Acute inferior myocardial infarction is characterized infarction of inferior wall of left ventricle that is territory of right or circumflex coronary artery, frequently occurs with abrupt obstruction of any else of these arteries. We report a case of inferior myocardial infarction that diagnosed clinically and electrocardiographically but angiographically no any culprit lesion in right or circumflex coronary artery but serious lesion and thrombus without complete obstruction in proximal left anterior descending artery.
A 38 years old man without previous cardiac history and risk factories is admitted to our coronary care unit with typical chest pain last as 20 minutes as in last 24 hours. The patient feels chest discomfort during moderate exercise last a month. Physical examination revealed blood pressure and heart rate were 117/70mmHg and 80/beat per minute. Heart sounds were normal with no any murmur. Respiratory sounds were normal. His ECG revealed sinüs rhythm, ST segment elevation and pathological Q wave in lead 2,3 and aVF and posterior leads (figure1). Echocardiographic findings included left ventricular ejection fraction %60, left ventricular apical hypokinesia and left ventricular diastolic dysfunction (grade 1).
Laboratory findings revealed maximum troponin I:0,684 ng/ml, maximum CKMB:54U/l and other routine biochemical parameters were normal. The patient was taken to catheter laboratory for coronary angiography and PCI. In coronary angiography, right and circumflex coronary artery were normal but there is serious stenosis and thrombus formation in the proximal of left anterior decsending artery(figure2).

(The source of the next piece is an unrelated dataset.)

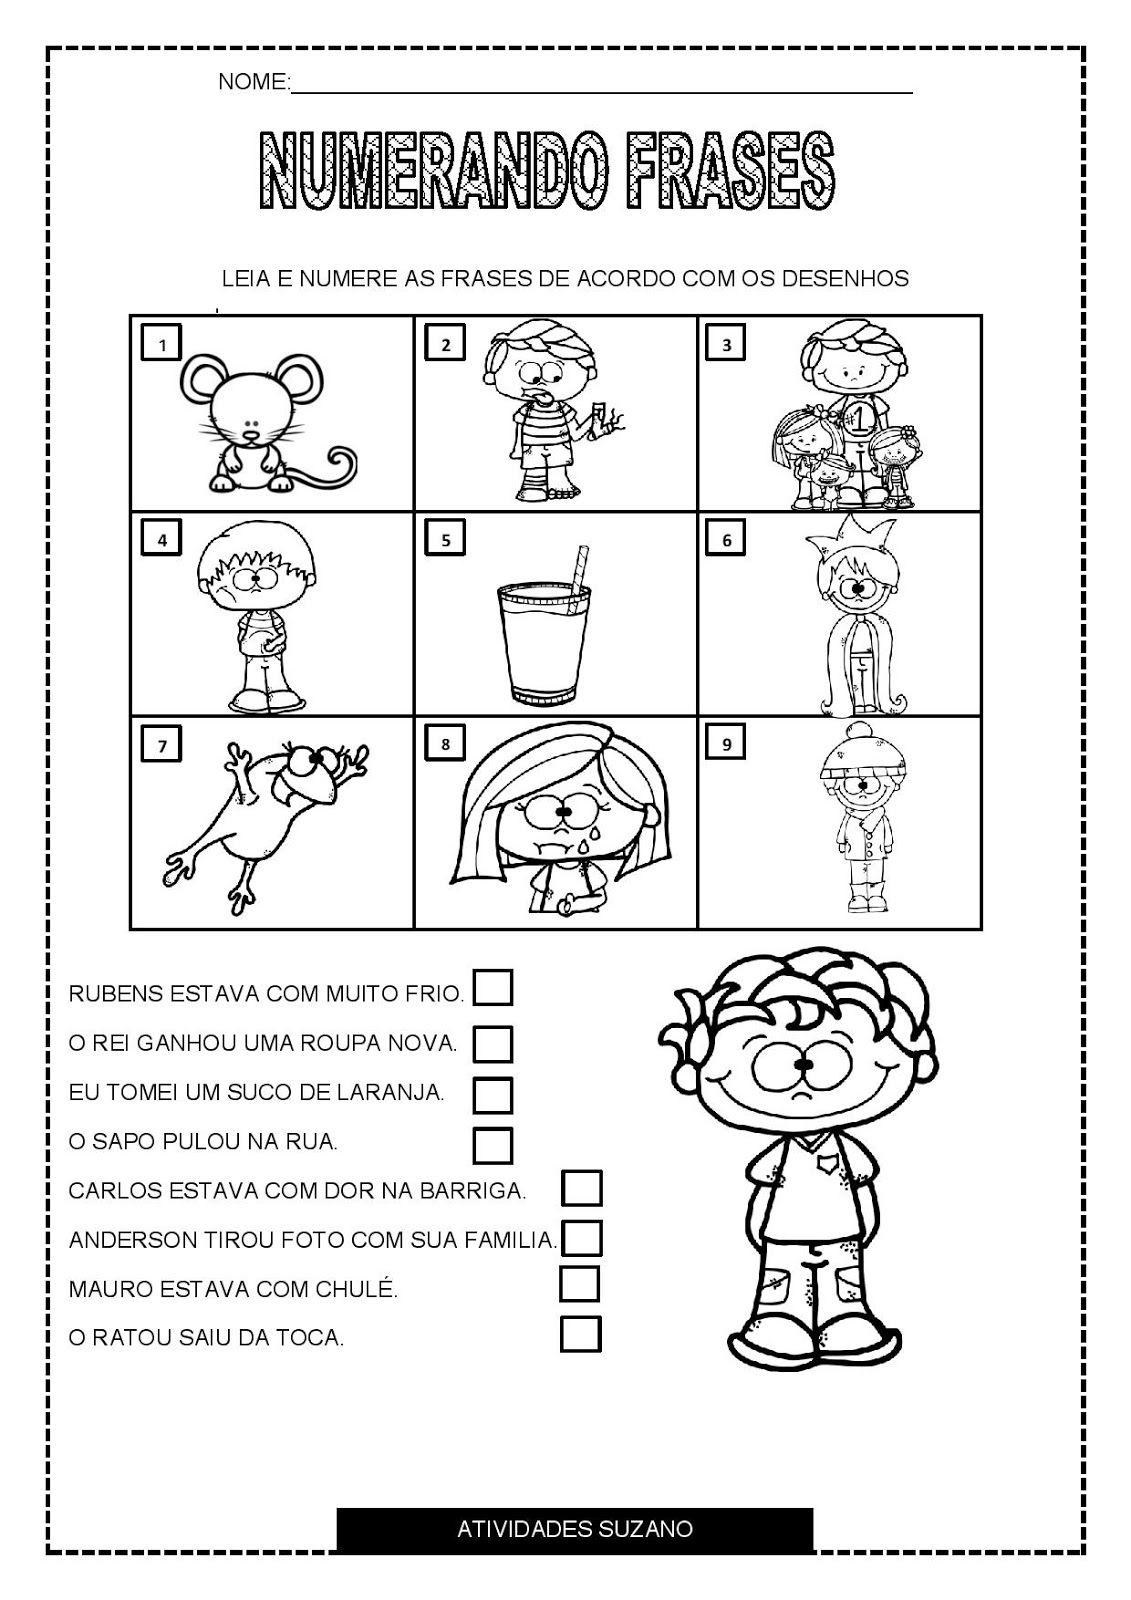 Numerando Frases Actividades Educativas Pinterest Education

We decided to perform intravascular ultrasonography to evaluate the degree of lesion severity. Intravascular ultrasonography showed serious stenosis and thrombus (figure3). The patient was referred to cardiovascular surgery for coronary artery bypass grafting.
Acute STEMI is a condition required emergency revascularization. Our case confirms clinically acute inferior myocardial infarction. We performed coronary angiography but we did not see any culprit lesion in right or circumflex coronary artery and their branches. However, there is severly stenosis and hazy view in proximal segment of left anterior descending artery. Because of inflamatory markers are normal, miyocarditis is low probability. Both echocardiographically left ventricle apical hypokinesia and seriously stenosis and thrombus (see figure 2-3) in the proximal segment of LAD was associated acute coronary syndrome. We referred the patients to cardiovascular surgery for CABG.